Brexit: Second referendum "impossible" says ex-EU chief Romano Prodi as government said to eye £36bn "divorce bill"

 
Lynsey Barber
Follow Lynsey
BELGIUM-BRITAIN-EU-POLITICS-BREXIT-ECONOMY
Former EU commissioner Romano Prodi believes there must be compromise (Source: Getty)

A former head of the European Commission has said a second referendum on Britain's membership of the union is almost impossible.

Romano Prodi, the former Prime Minister of Italy who led the commission between 1999 and 2004, said there will have to be "historic compromise" for Britain and the EU to come to an agreement, speaking in an interview with The Observer, and that the economic impact of failing to do so has been vastly underestimated across the region.

Read more: Former BoE chief Mervyn King: The UK needs a Brexit backup plan

He said:

“Maybe I am biased, being an economist, but it may be that there is still an imprecise [understanding] of the real economic consequences of Brexit. This is why I am now looking deeper and deeper that a compromise must be reached. Not to repeat the referendum as is mentioned more and more often in private conversations - I think that is impossible, or very difficult - but to find a compromise to avoid suicide.”

Prodi suggested a sector by sector stance on immigration and urged trade ties to be preserved.

“For example, we have joint scientific projects in which the UK has always had a strong position because of your universities and tradition.
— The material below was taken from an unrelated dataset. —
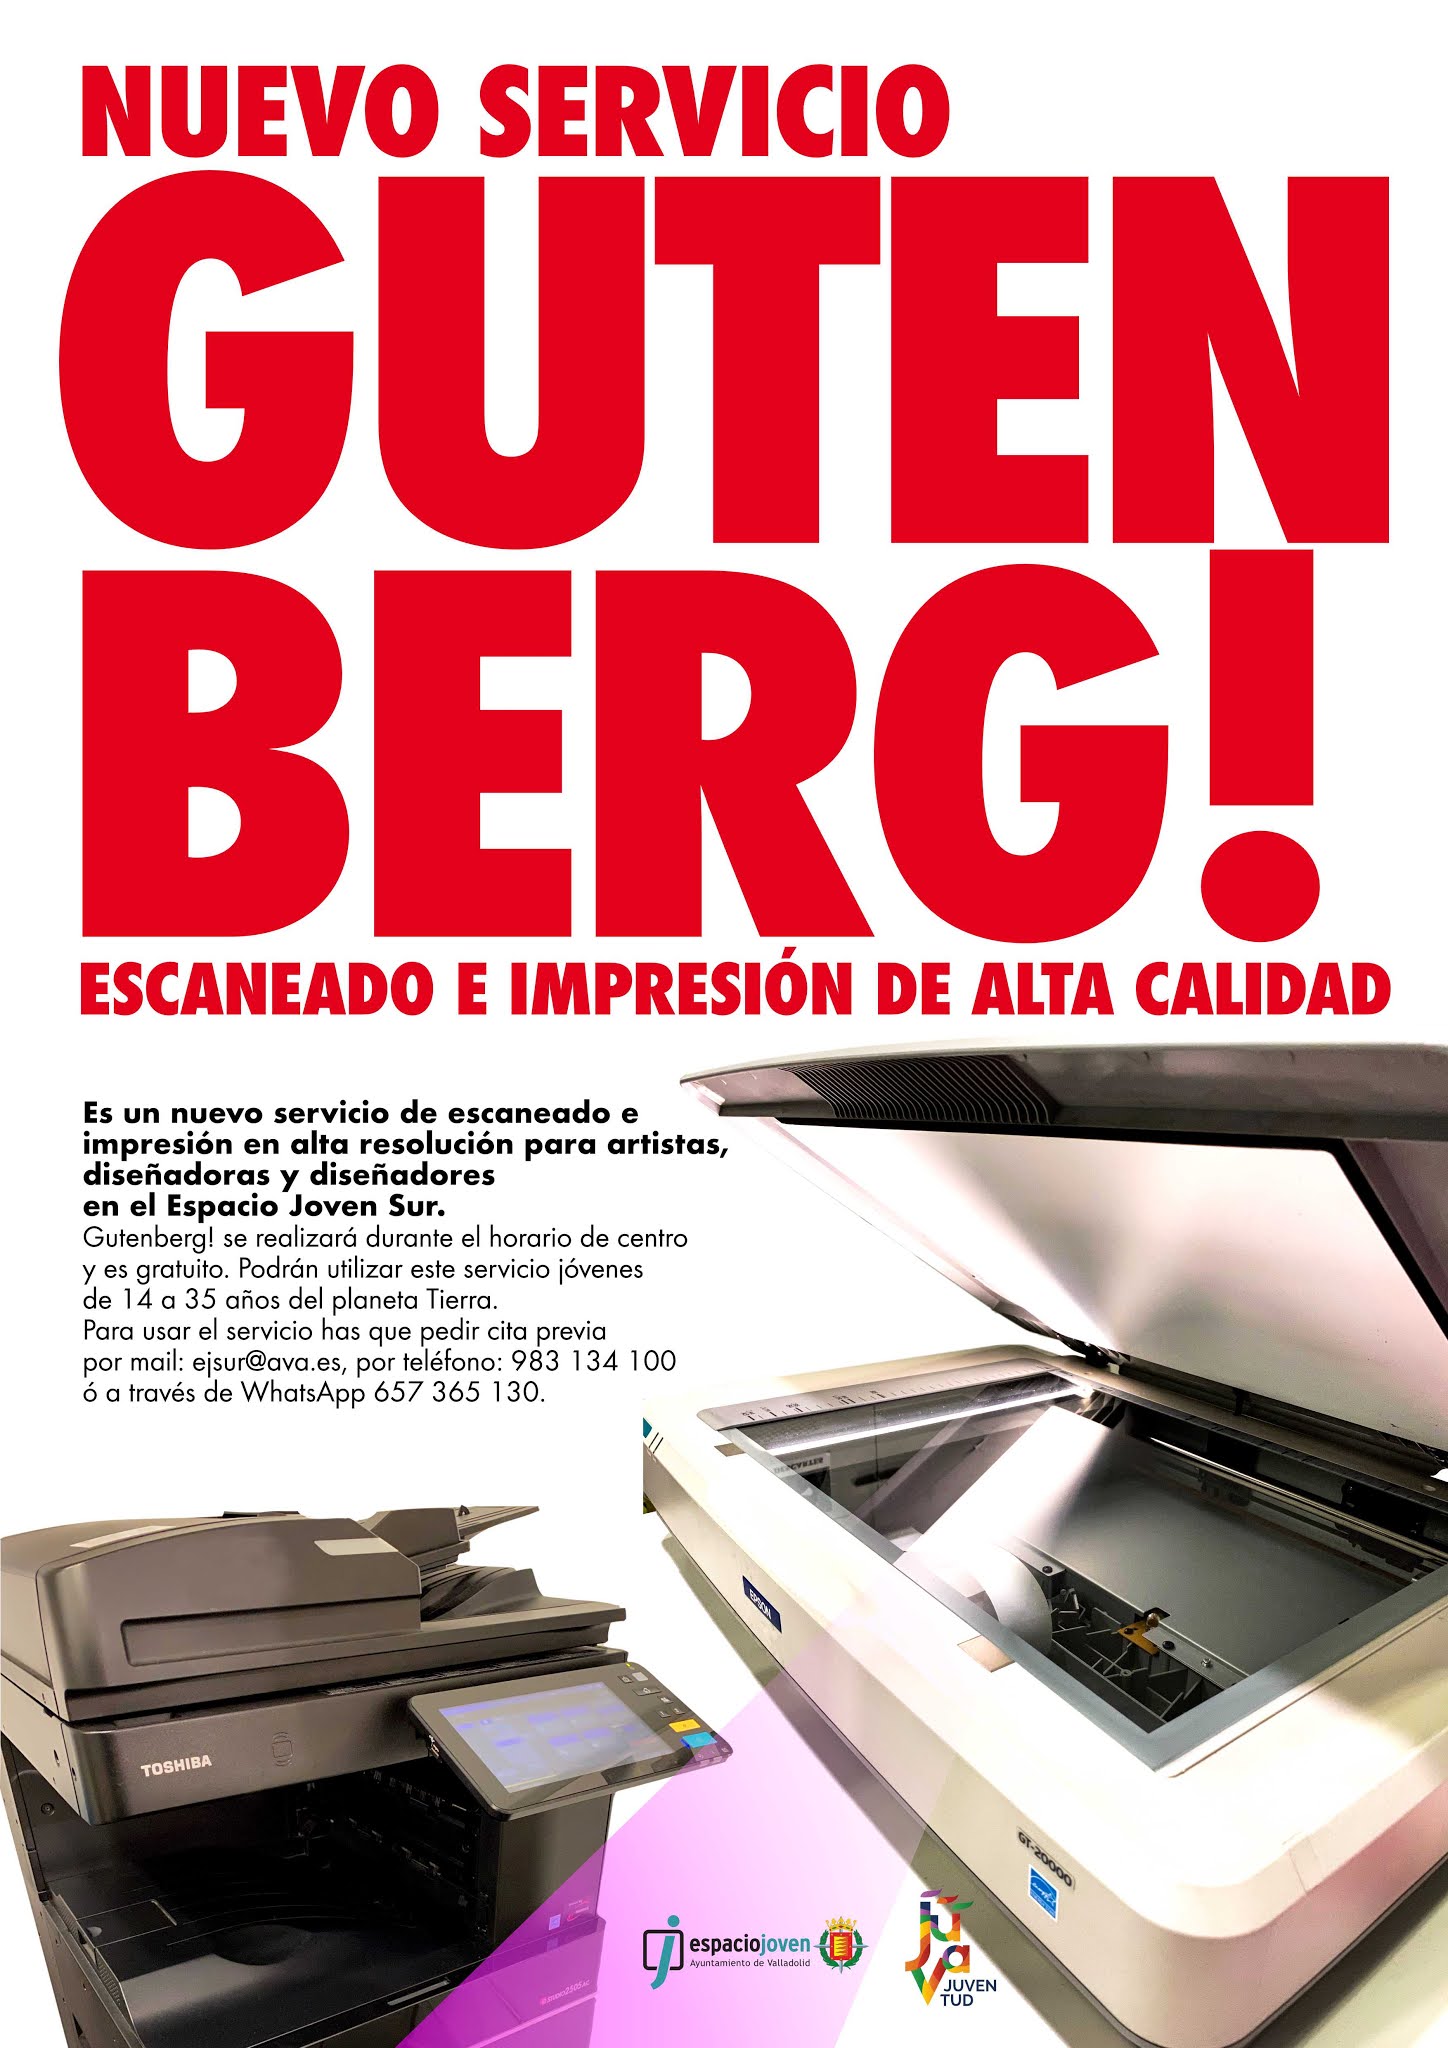 Gutenberg! nuevo servicio de escaneado e impresión en alta resolución en el Espacio Joven Sur

Clearly, movement of manpower in this sector is of deep interest and does not move any passion even in the core of anti-European British [voters]. In my opinion, you should start giving guarantees in all these fields in which there is a common interest to have an exception,” he said.

Read more: Government to publish proposals for smooth Brexit transition

It comes as fresh reports suggest the British government is prepared to foot a £36bn "divorce bill" for Brexit, significantly less than previous suggestions of €100bn (£84.5bn) and an expected €40bn.

But the government is only prepared to pay the bill to the EU if it comes with an agreement to negotiate other terms, such as a trade deal, the Sunday Telegraph reports.

The government is expected to publish its proposals for leaving Europe in the coming weeks.